FunQG is a novel graph coarsening framework specific to molecular data, utilizing Functional groups based on a graph-theoretic concept called Quotient Graph. FunQG can accurately complete various molecular property prediction tasks with a significant parameters reduction.
The overview of FunQG framework. The left figure (A) illustrates the application of the FunQG framework to a molecule to find its corresponding coarsened graph, named molecular quotient graph. The right figure (B) shows the application of a GNN architecture to the graph obtained from the FunQG to predict the property of the molecule. In the molecular graph, a specific color corresponds to each FG (its edges and nodes). Also, edges that have exactly one common node with an FG are drawn in red. The remained edges are drawn in black.The resulting graphs of the FunQG are much smaller than the molecular graphs. Therefore, a GNN model architecture requires much less depth in working with resulting graphs compared to working with molecular graphs. Thus, using FunQG reduces the computational costs compared to working with molecular graphs. We utilize one Intel (R) Xeon (R) E5-2699 v4 @ 2.20GHz CPU for training, testing, and hyperparameter tuning of a GNN model on each dataset in a relatively short time. Therefore, training the models is very fast and is possible on a standard laptop with only one CPU.

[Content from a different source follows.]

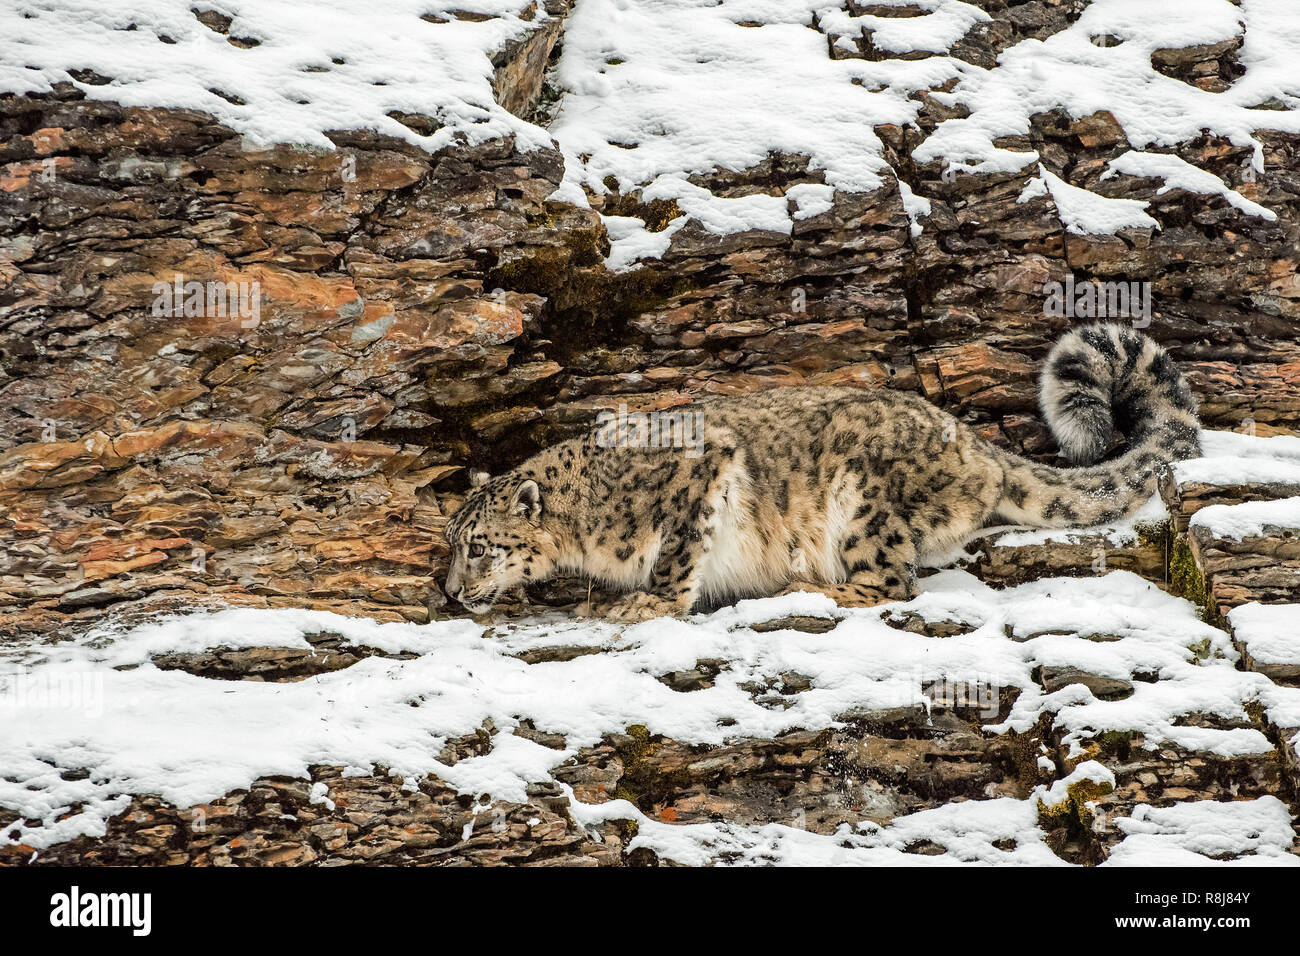 Snow Leopard Crouched on a Rocky Cliffside in the Winter in the Snow Stock Photo

git clone https://github.com/hhaji/funqg.git
cd ./funqg
conda env create --file environment.yml
conda activate gmlg
python graph_generator.py --gen_names_data <list_of_datasets> --splits '["scaffold"]'
usage: graph_generator.py [-h]
--current_dir Current directory containing codes and data folder
--gen_names_data <Required> A string containing a list of data names to generate graph data, e.g. '["tox21", "bbbp"]'
--splits A string containing a list of split types to generate graph data, e.g. '["scaffold"]'
--generation_seeds A string containing a list of random seeds to generate graph data, e.g. '[0, 1, 2]'
--HQ_first_aggregation_op mean, sum
python train_eval_run.py --name_data <dataset> --current_dir <path> --config <config>
usage: train_eval_run.py [-h]
--name_graph Name of the constructed graph ("funqg" means FunQG graph and "mg" means molecular graph)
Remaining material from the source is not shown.